%%

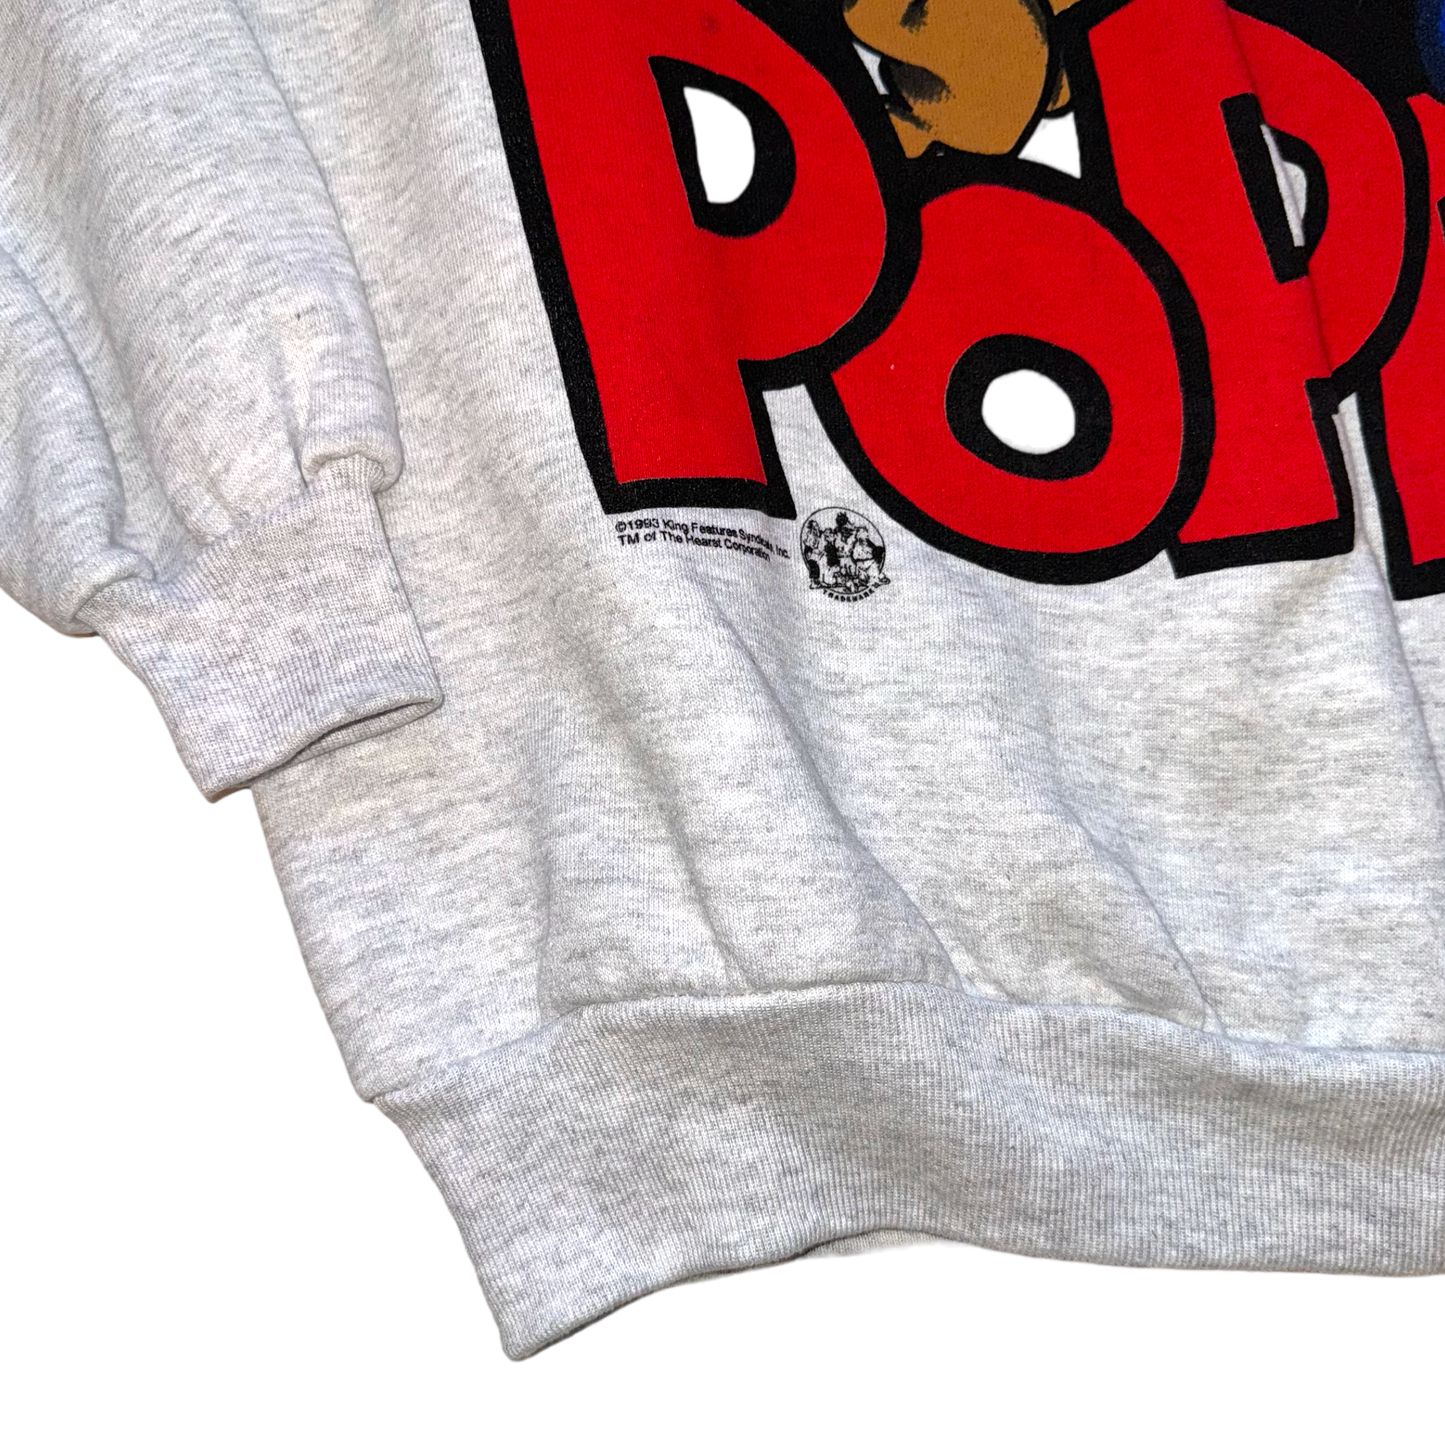 King Features Syndicate x Ross Int. - Popeye Vintage 1993 Crewneck Sweatshirt
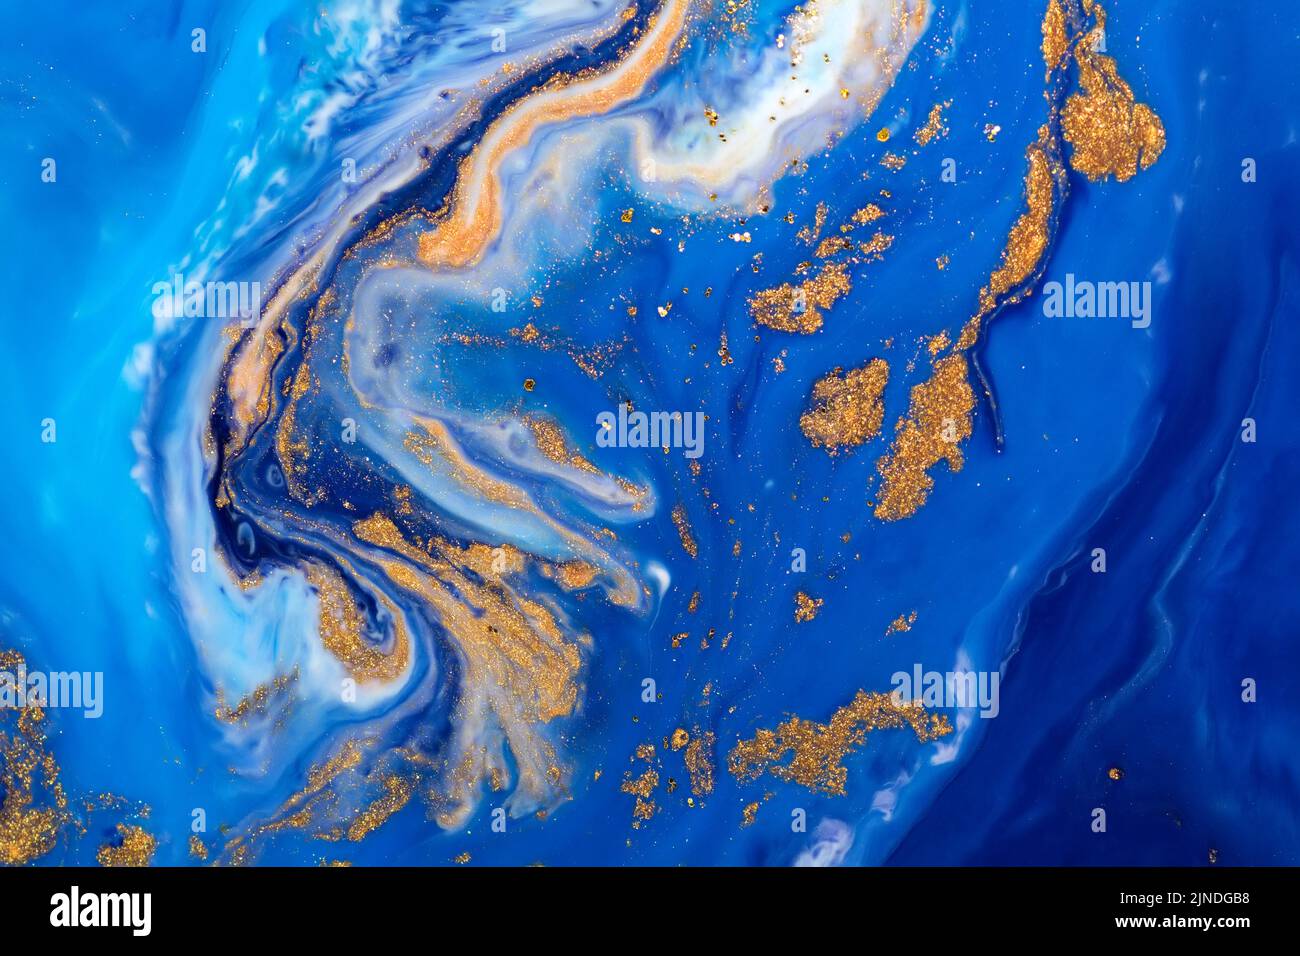 Luxury fluid art painting background. Spilled blue, white and gold acrylic paint. Liquid marble. Alcohol ink splash. Stock Photo
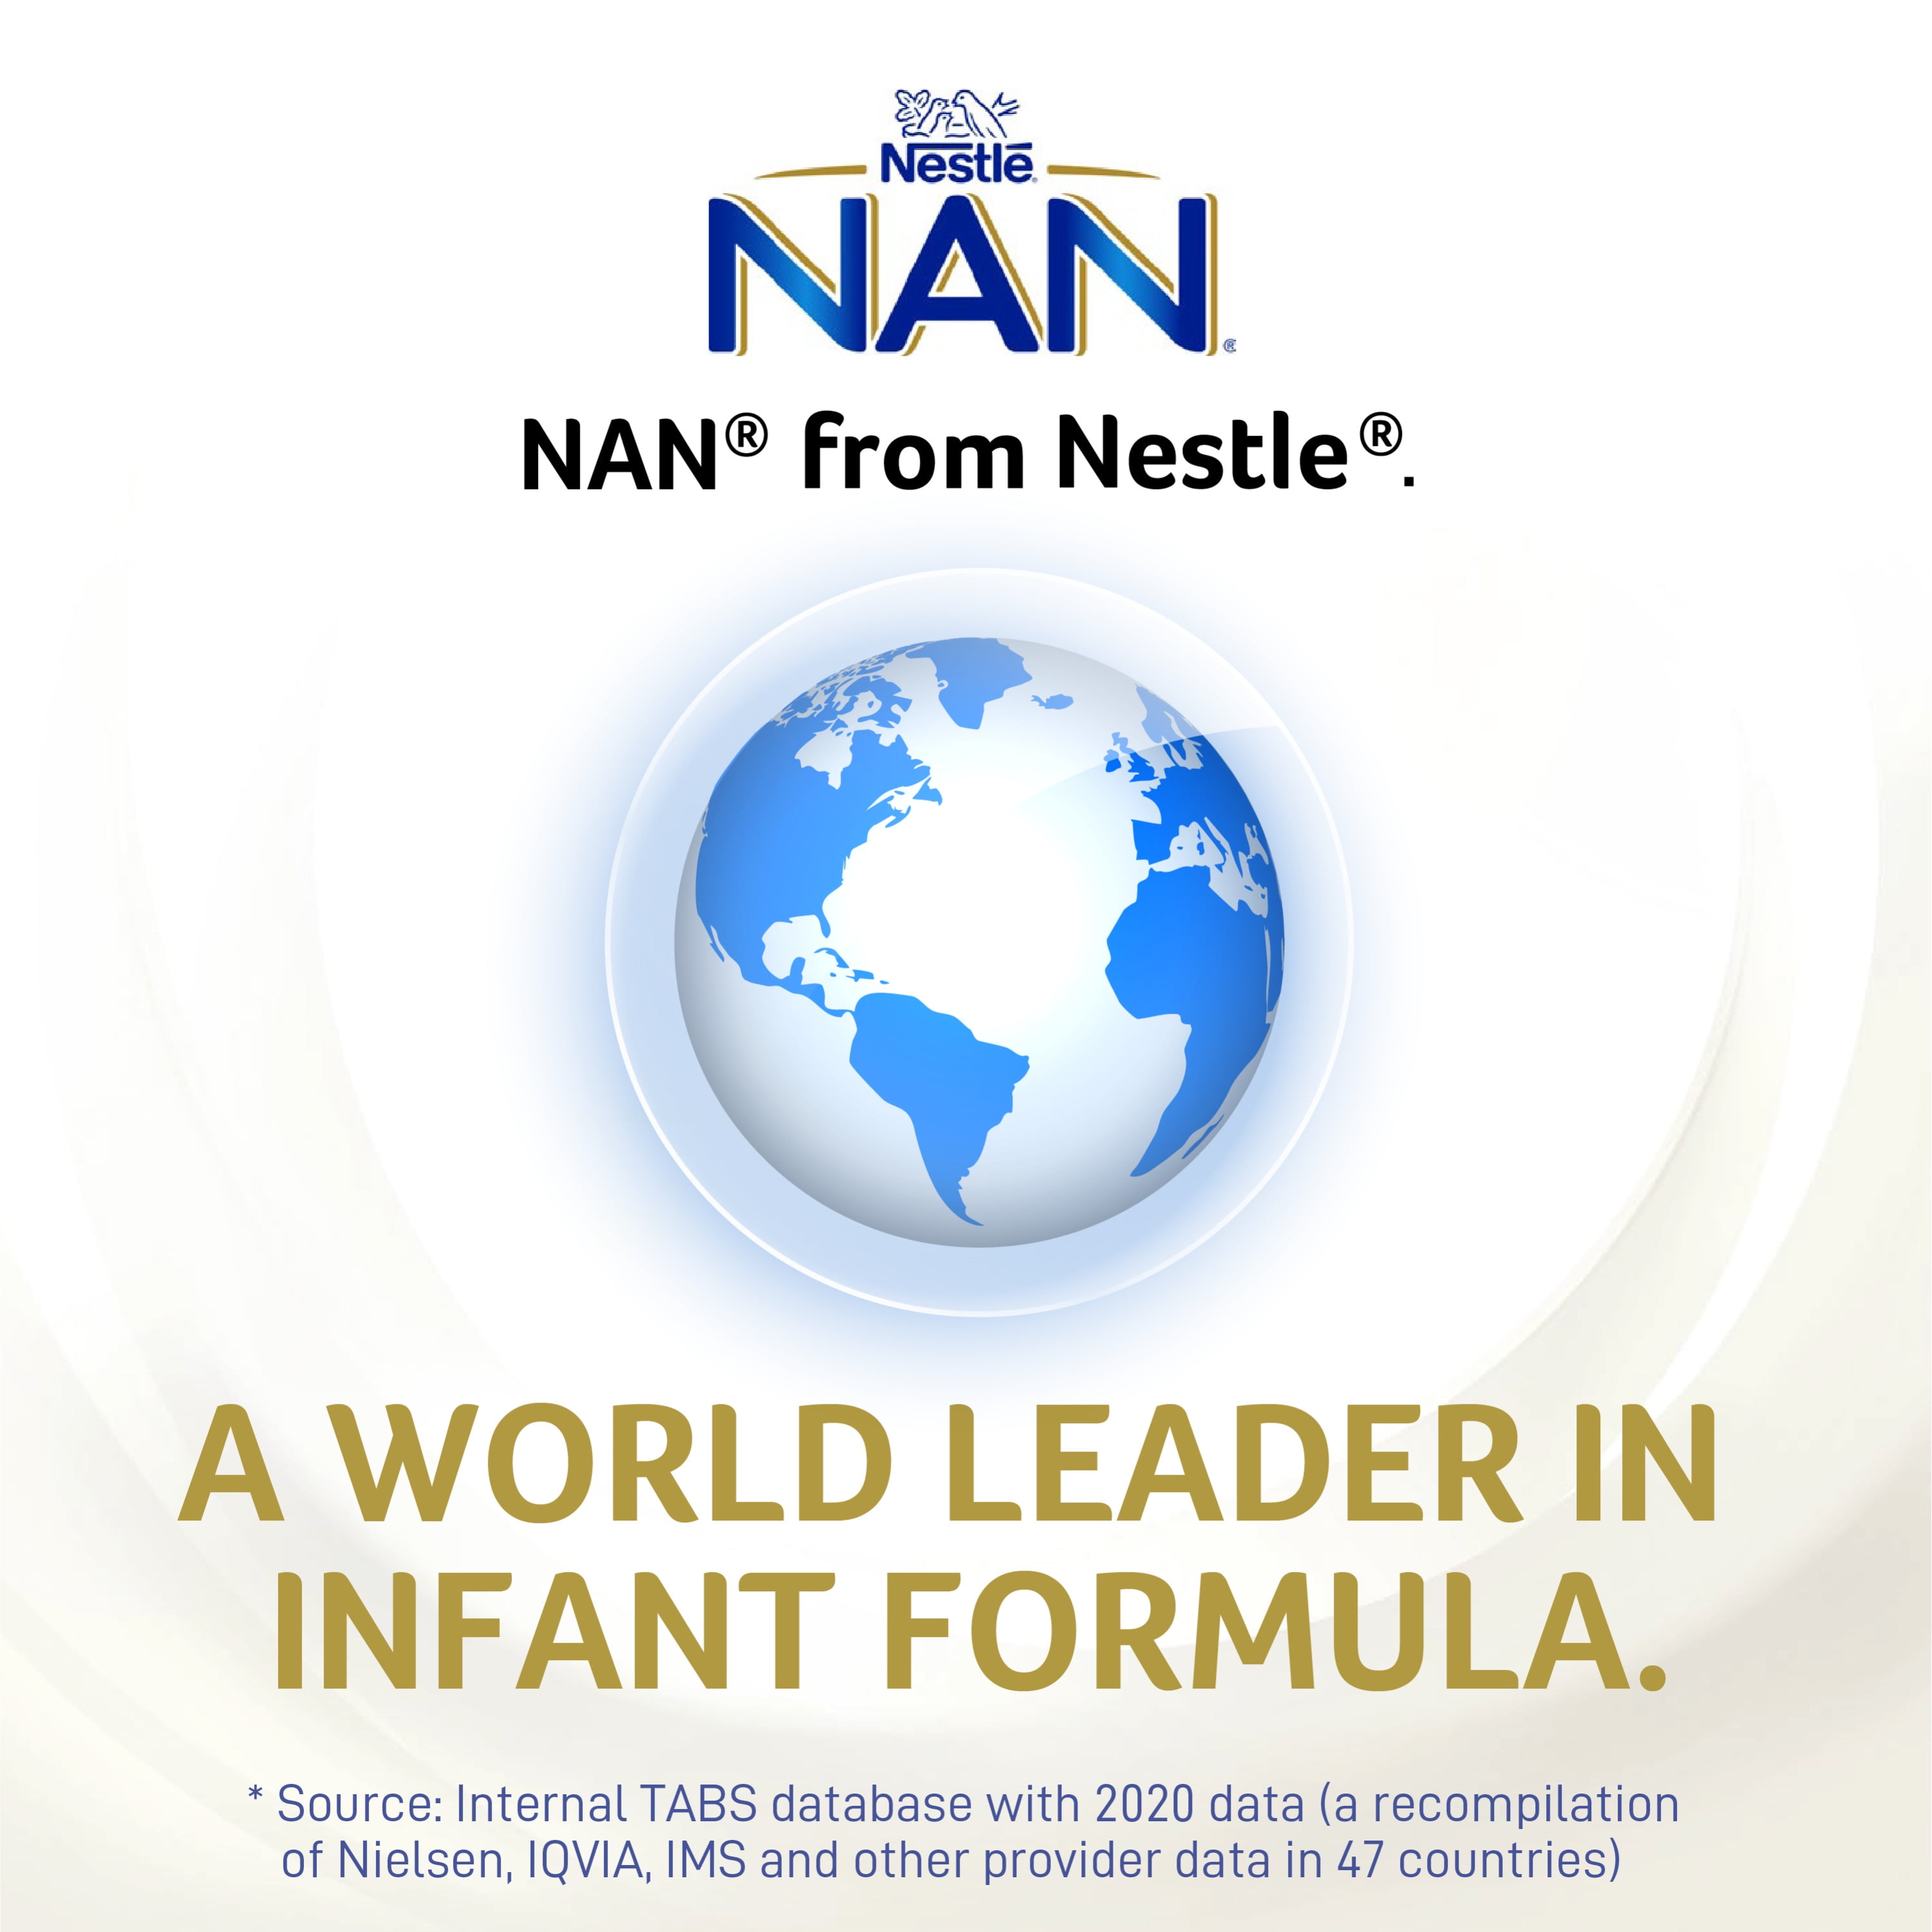 Nestlé NAN Pro 1 Powder Infant Formula, 28.2 oz, Can, (Pack of 6), Iron

%%

Copy all of the data word for word, and keep the pictures out of it.

 King Features Syndicate x Ross Int. - Popeye Vintage 1993 Crewneck Sweatshirt
 Luxury fluid art painting background. Spilled blue, white and gold acrylic paint. Liquid marble. Alcohol ink splash. Stock Photo
 Nestlé NAN Pro 1 Powder Infant Formula, 28.2 oz, Can, (Pack of 6), Iron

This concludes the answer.